Performance-driven Machine Learning Engineer with over 5 years of experience building production AI systems and internal agent infrastructure. Proven ability to develop automated Large Language Model (LLM) workflows and agentic tools that enhance engineering productivity and streamline the Software Development Life Cycle (SDLC). Experienced in model selection, benchmarking, and operating end-to-end AI stacks to deliver high-impact results in fast-paced environments. Committed to supporting technical teams by implementing cutting-edge AI developer tools and instrumentation to measure velocity gains.
Performance-driven Machine Learning Engineer with over 5 years of experience building production AI systems and internal agent infrastructure.
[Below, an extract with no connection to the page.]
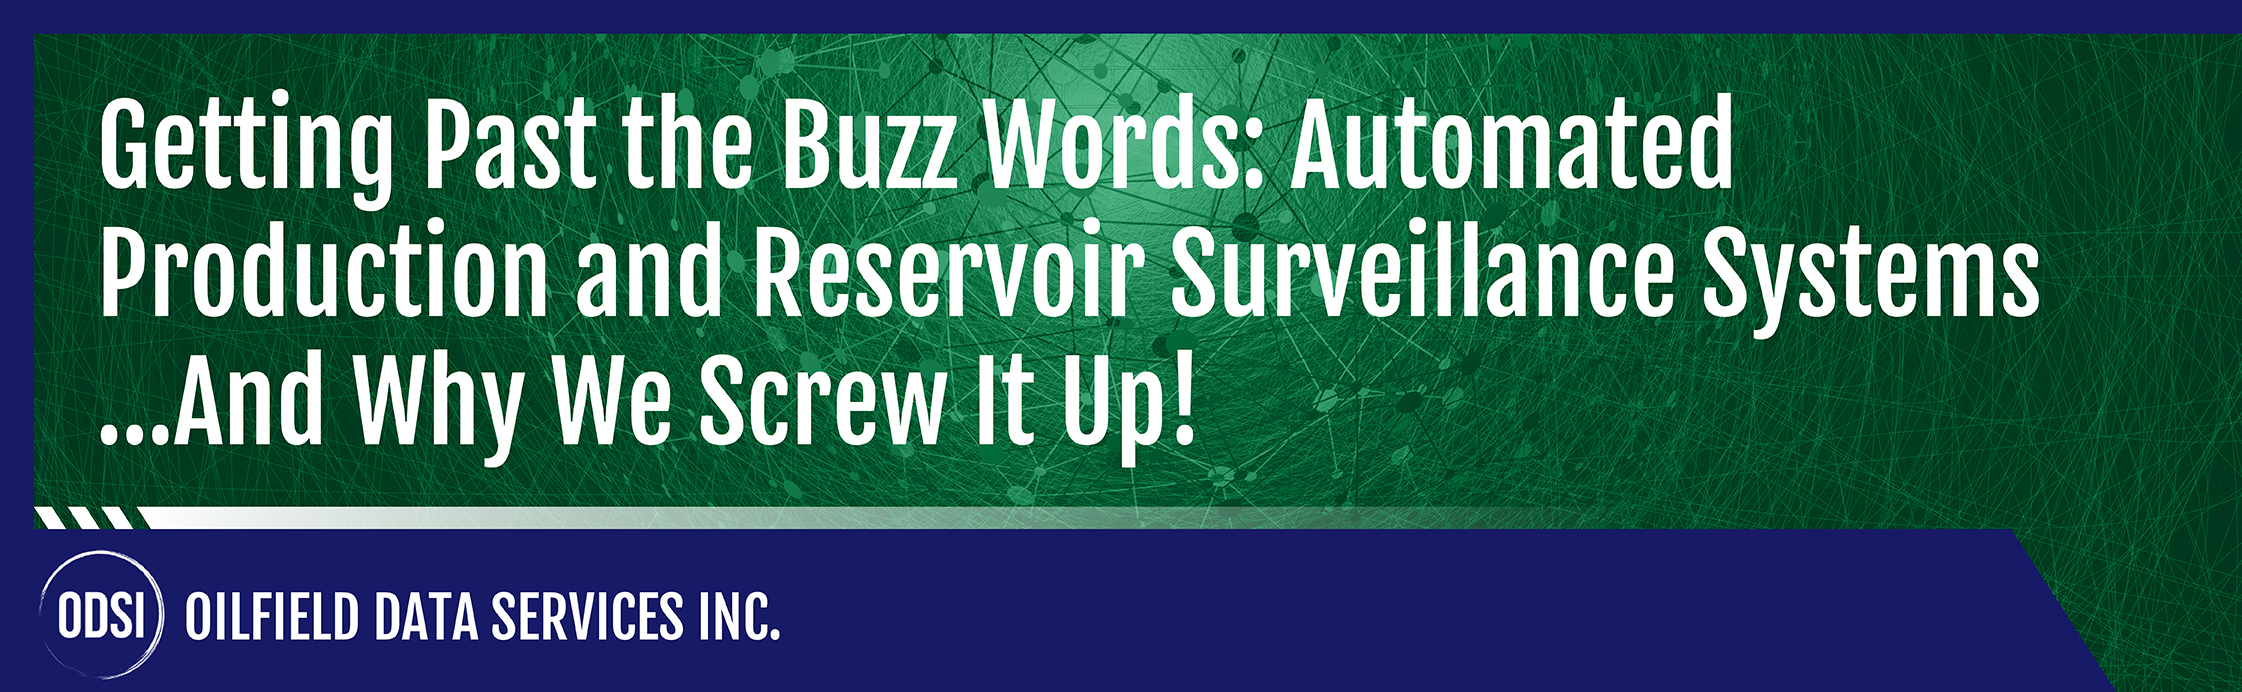 Getting Past the Buzz Words: Automated Production and Reservoir Surveillance Systems... And Why We Screw It Up!
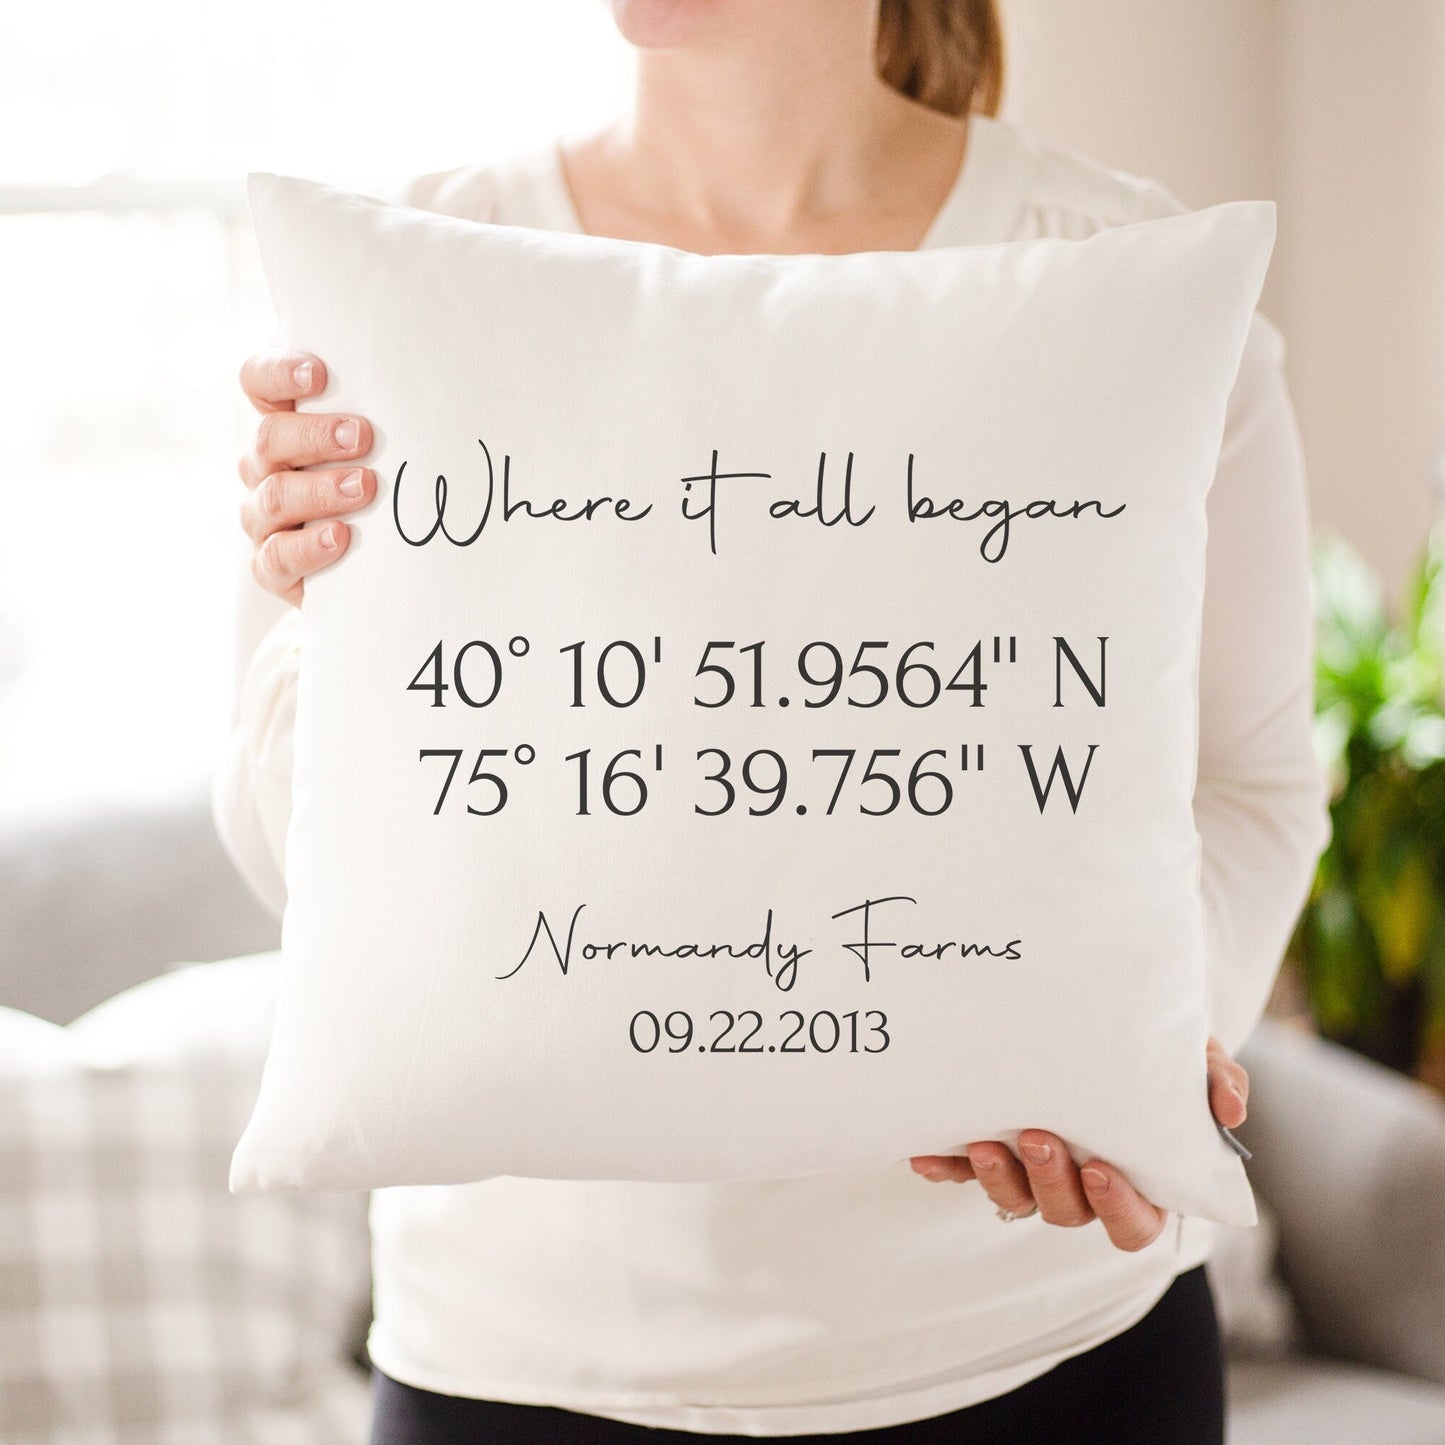 First Home Gift for Couple | Personalized Housewarming Gifts | New Home | First Home Gift | Home | Personalized Coordinates Gift | GPS

Proven ability to develop automated Large Language Model (LLM) workflows and agentic tools that enhance engineering productivity and streamline the Software Development Life Cycle (SDLC). Experienced in model selection, benchmarking, and operating end-to-end AI stacks to deliver high-impact results in fast-paced environments. Committed to supporting technical teams by implementing cutting-edge AI developer tools and instrumentation to measure velocity gains.
• Developed a benchmarking framework to evaluate model configurations using vLLM, improving response accuracy by 25% across domain-specific queries. • Built an agentic AI assistant integrating OpenAI and Anthropic APIs with Pydantic for robust data validation and multi-agent orchestration. • Implemented session-based memory and dynamic prompt engineering to improve the reliability and context-awareness of internal system workflows.